परवीन बाबी

Parveen Babi (4 April 1949 – 20 January 2005) was an Indian actress and model. Recognized for her roles in Hindi films throughout the 1970s and early 1980s, Babi was known for her "glamorous" acting style, and was one of the highest-paid actresses. Her modeling and fashion sense additionally established her as an icon.  

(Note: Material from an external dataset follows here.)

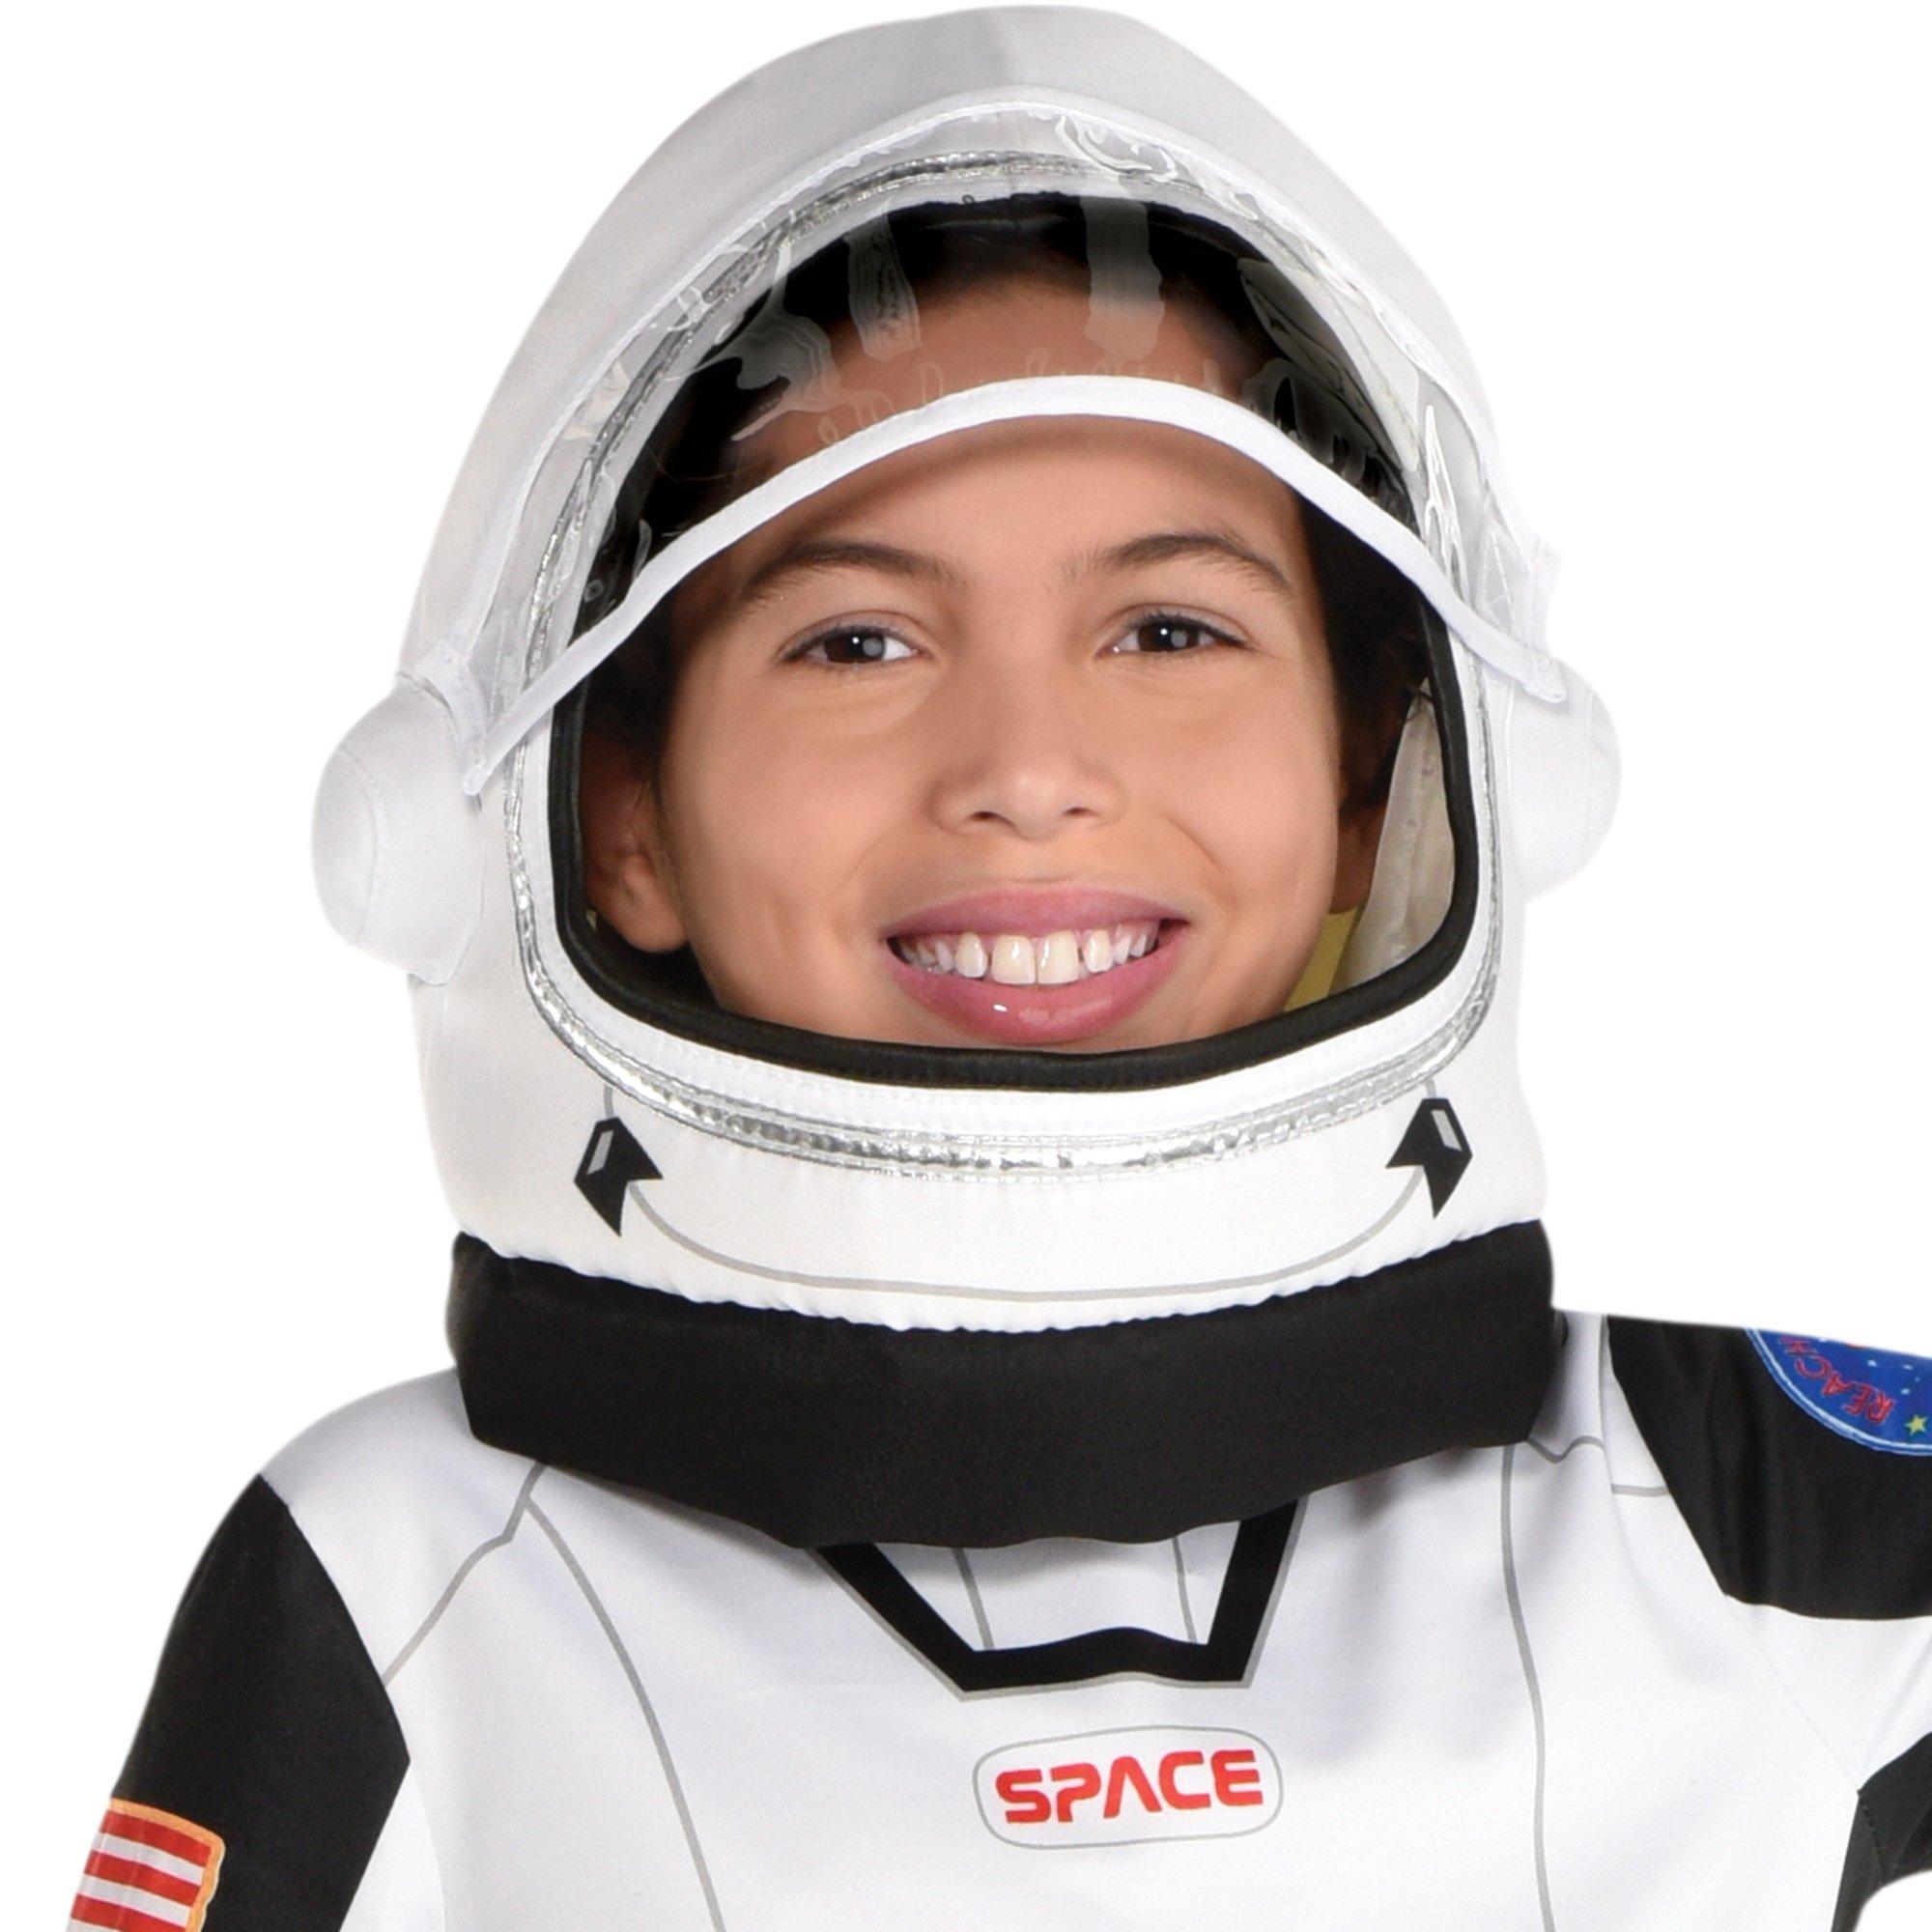 Kids' In-Flight Astronaut Costume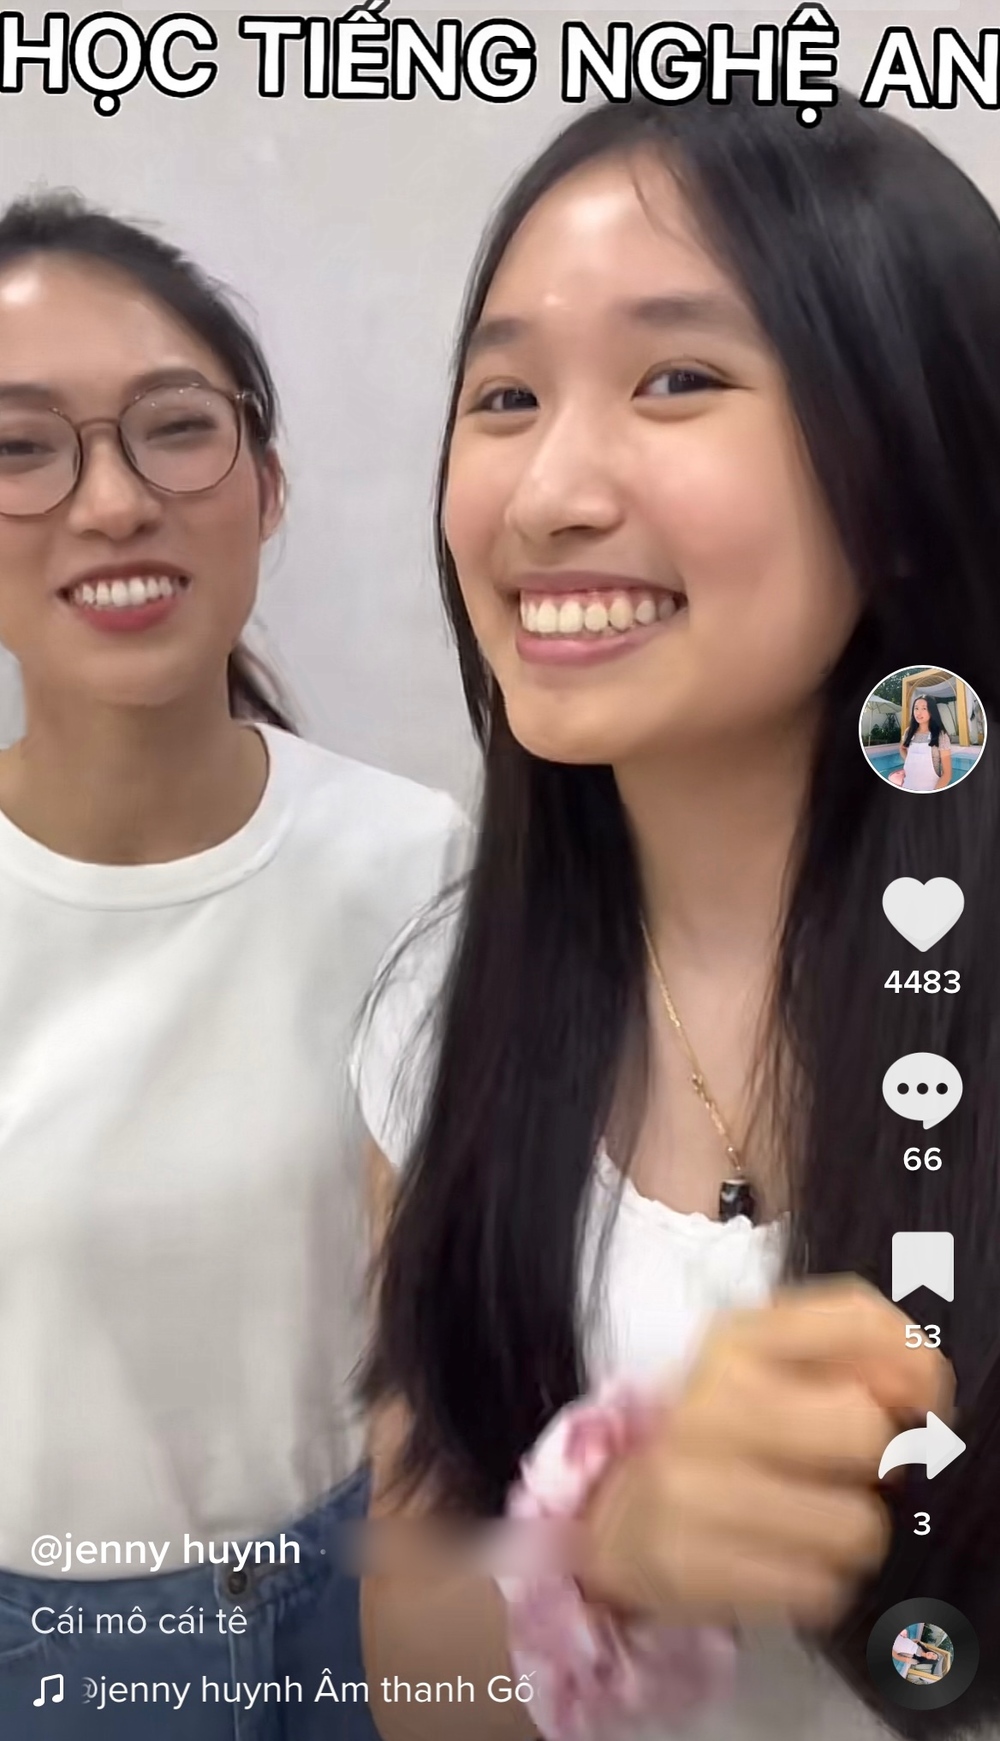  
Nữ YouTuber cũng hào hứng chia sẻ khoảnh khắc cùng Khánh Vy học tiếng Nghệ An. (Ảnh: Chụp màn hình TikTok jenny huynh)

Babi made her acting debut with the film Charitra (1973), and received recognition for her role as Neela in the drama film Majboor (1974). She had her breakthrough starring as Anita in the action crime-drama film Deewaar (1975), and went on to have roles in many successful films, notably starring as Jenny in Amar Akbar Anthony (1977), Anu in Suhaag (1979), Anita in Kaala Patthar (1979), Sheetal in The Burning Train (1980), Sunita in Shaan (1980), Shallini / Rani in Kaalia (1981), and Nisha in Namak Halaal (1982). In 1976, she was the first Bollywood star to appear on the cover of Time magazine. From the mid-1980s, Babi's career began to fluctuate, leading her to eventually retire from the film industry in 1991.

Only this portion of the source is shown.